There are many more examples, and perhaps better ones that I will add as I think of them, or hear them, but for now, I will conclude that, 1) genre studies and genre R&D need multi-cultural teams so that the level of attention to detail that is possible for Deep Psytrance vs. Gabber vs. New Romantic vs. New Wave will also be possible for ‘Bulgarian Rock’, ‘Hungarian Rock’, ‘Russian Pop’, and ‘Turkish Pop’. Sure, I’m glad someone in America even cares enough to put those on the map, but given the several hundred varieties of Electronica, Metal, and Hip Hop each, can we really believe there is only one variety of ‘Russian Pop’? (I know for a fact there are quite a few styles and genres within Turkish Pop.*****)

NOTES

* Yet, no matter how much detail each scholar, researcher, developer, or enthusiast goes into, it is likely to prove insufficient for the afficionado of that sub-sub-genre. The Echonest blog (at http://blog.echonest.com/post/52385283599/how-we-understand-music-genres) recently included the following comment: “. . . somebody, somewhere might care about (e.g. “gothic metal” vs. “symphonic metal” vs. “gothic symphonic metal”).” Yes, somebody right here not only does, finds those to be rather obvious and relevant distinctions, which are further complicated by Nightwish’s recent experiments combining symphonic, power, and folk metal.

** Why I use the term “northern” rather than “western” will be the topic of another post.

*** Yes, these are real genre names. To a connoisseur who lives Grindcore, Power Violence may sound completely different, while to an outsider neither would be distinguishable from the earliest ’80s Thrash.

****As Hip Hop matured, it became less and less common for the sentence and its rhythmic phrase to start and end together. This seems to be a result of the recognition that rhythm allows one to rhyme with any syllable in a word, not just the last syllable. So, an MC who wants to rhyme, for instance ‘crime’ with ‘time’ does not need each sentence to end with one of those words; s/he can rhyme ‘crime’ with ‘time’ in a sentence that might go “It was that time [break here] I went off to the east coast” where ‘time’, due to rhythmic phrasing, took care of the rhyme, and the rest of the sentence could still be uttered. In much old-school Hip Hop, the semantic phrases had to end at the same rhythmic stopping point.
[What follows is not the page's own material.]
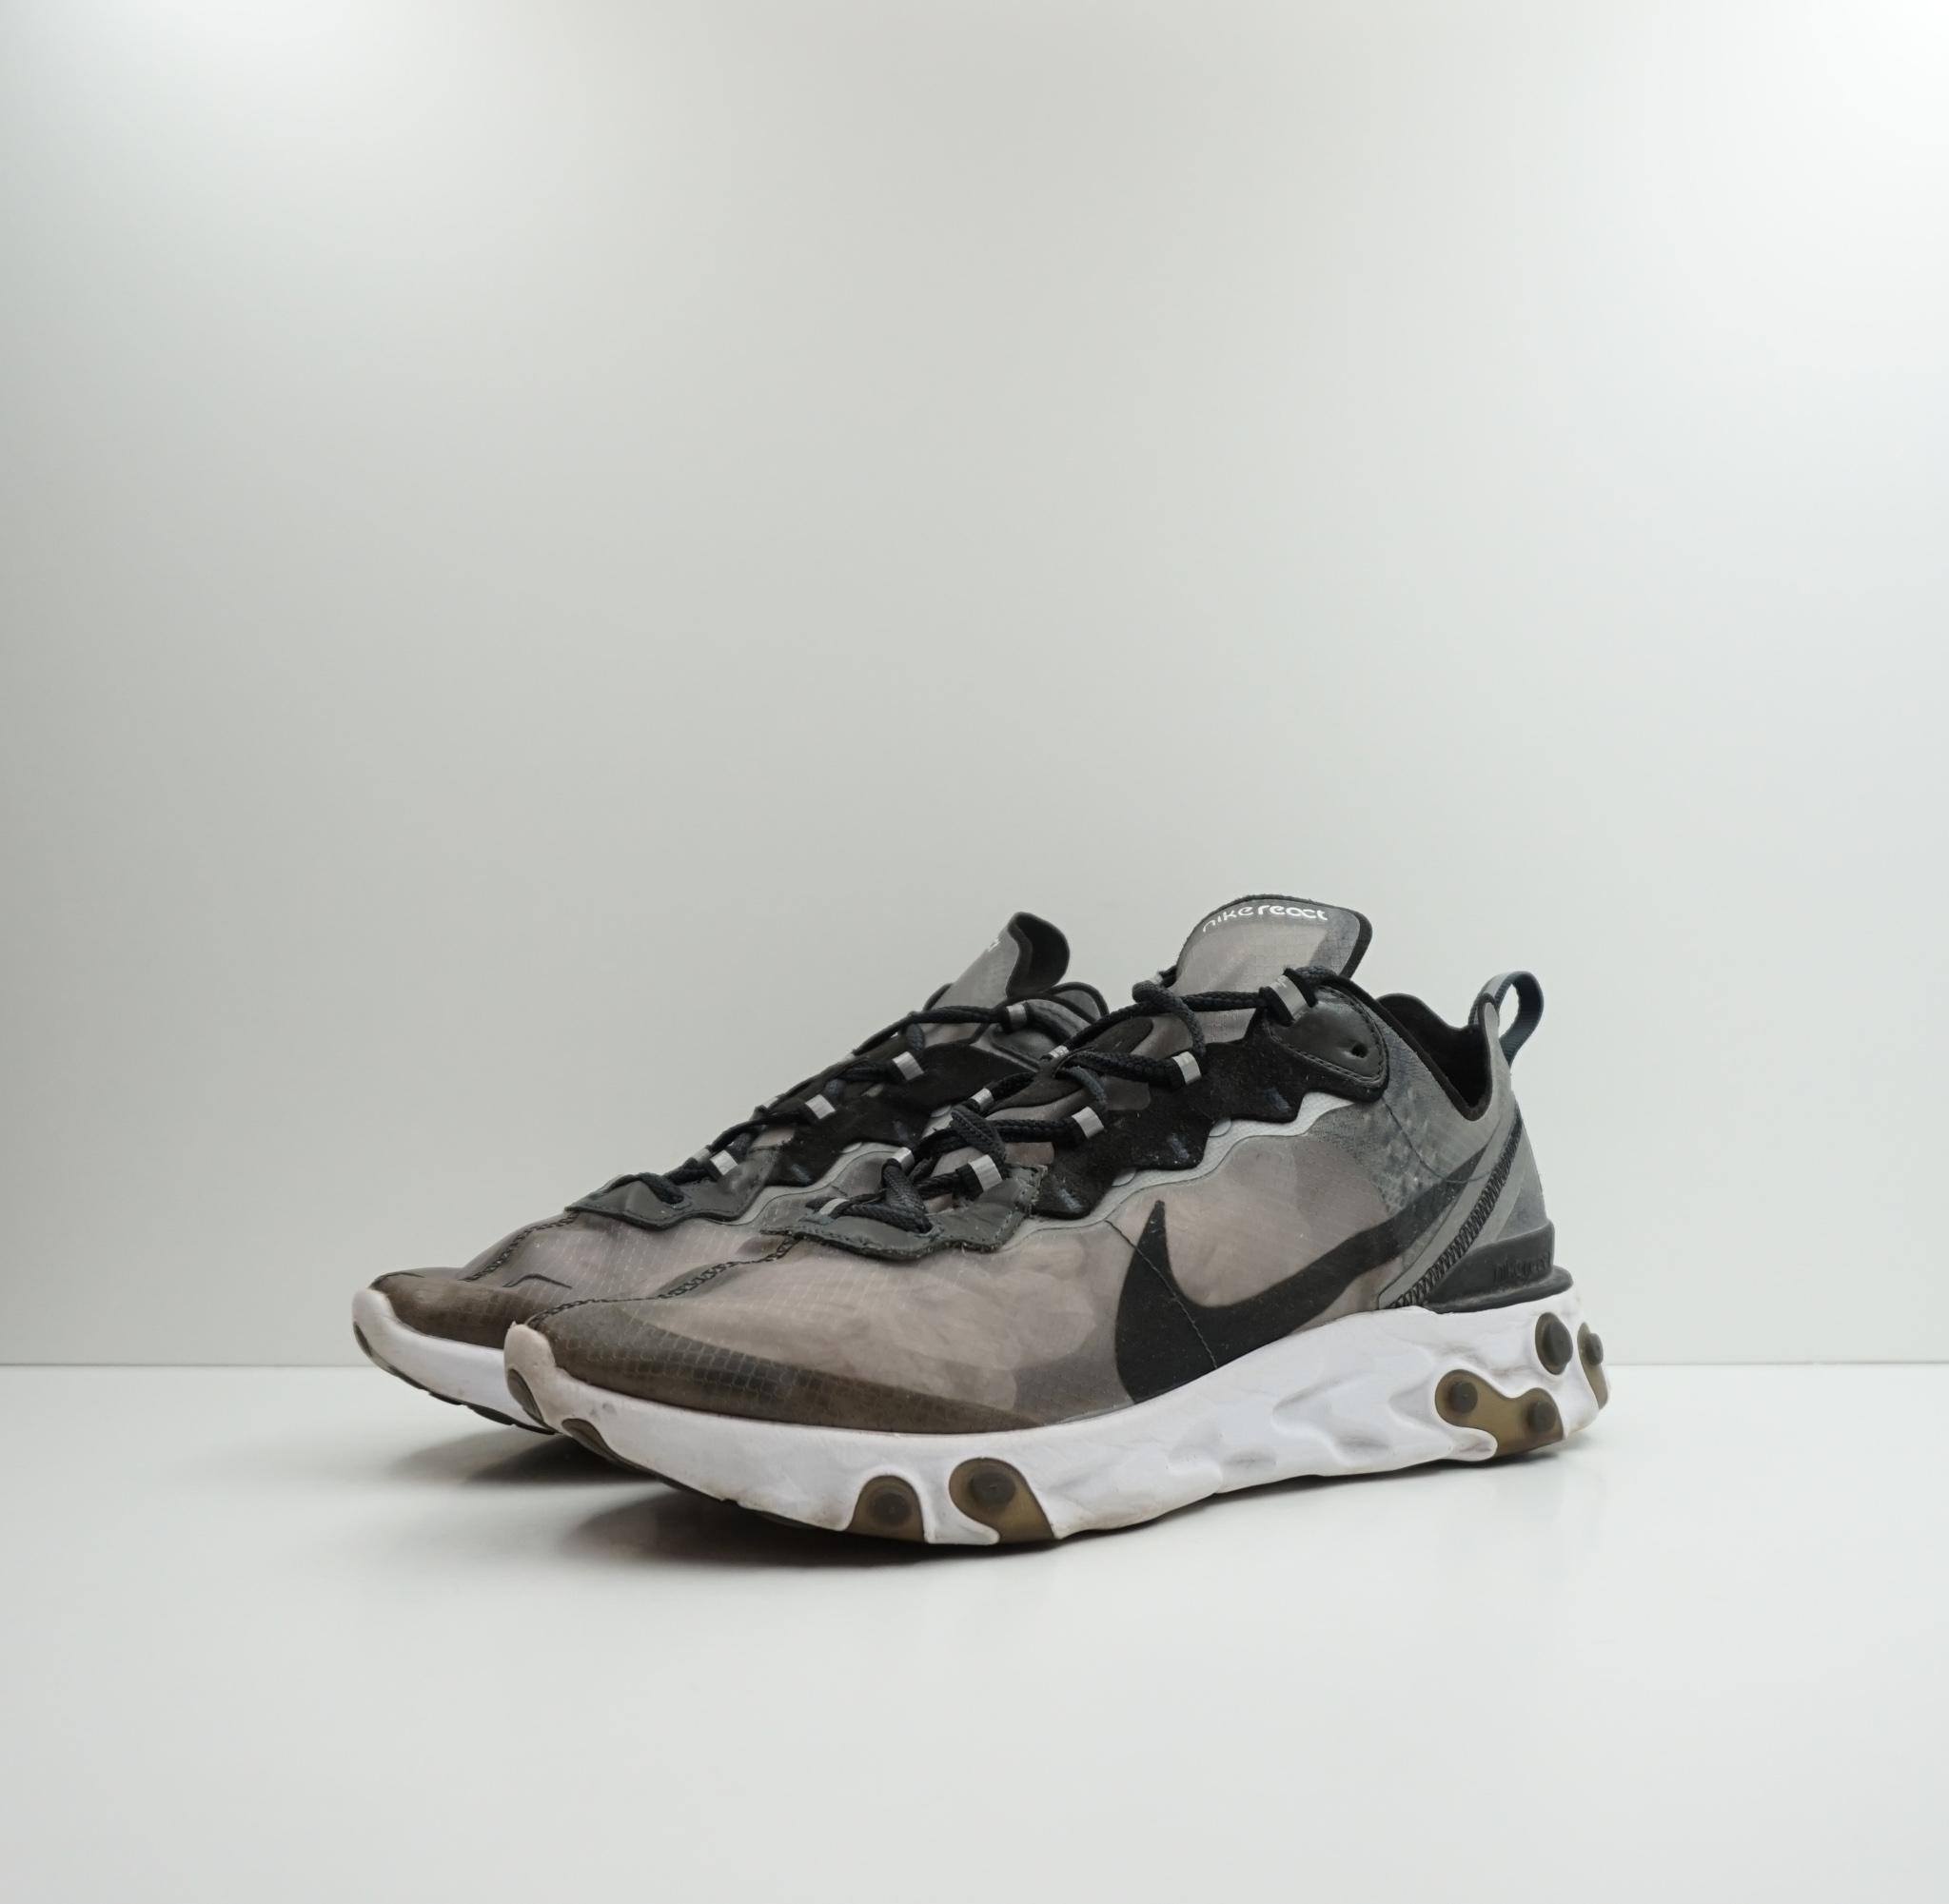 Nike React Element 87 Anthracite Black

*****As for style versus genre, let me try a quick explanation. A guitarist can play the blues in a Be-Bop context, a Psych context, or a Funk context (to name a few), and an MC/toaster can rap on a Hip Hop song, a Reggaeton, a Rock or Metal song, or even in a piece of modern “classical” music. Similarly, a drummer can play funk, swing, or shuffle in a Jazz band, Rock band, Pop group, or an experimental combo. The elements these musicians bring in are styles (blues, rapping, funk, swing, shuffle), while the complete package of the musical experience will likely fall into a genre or subgenre, like Electro Swing, Funk Metal, Be-Bop, or Chorinho.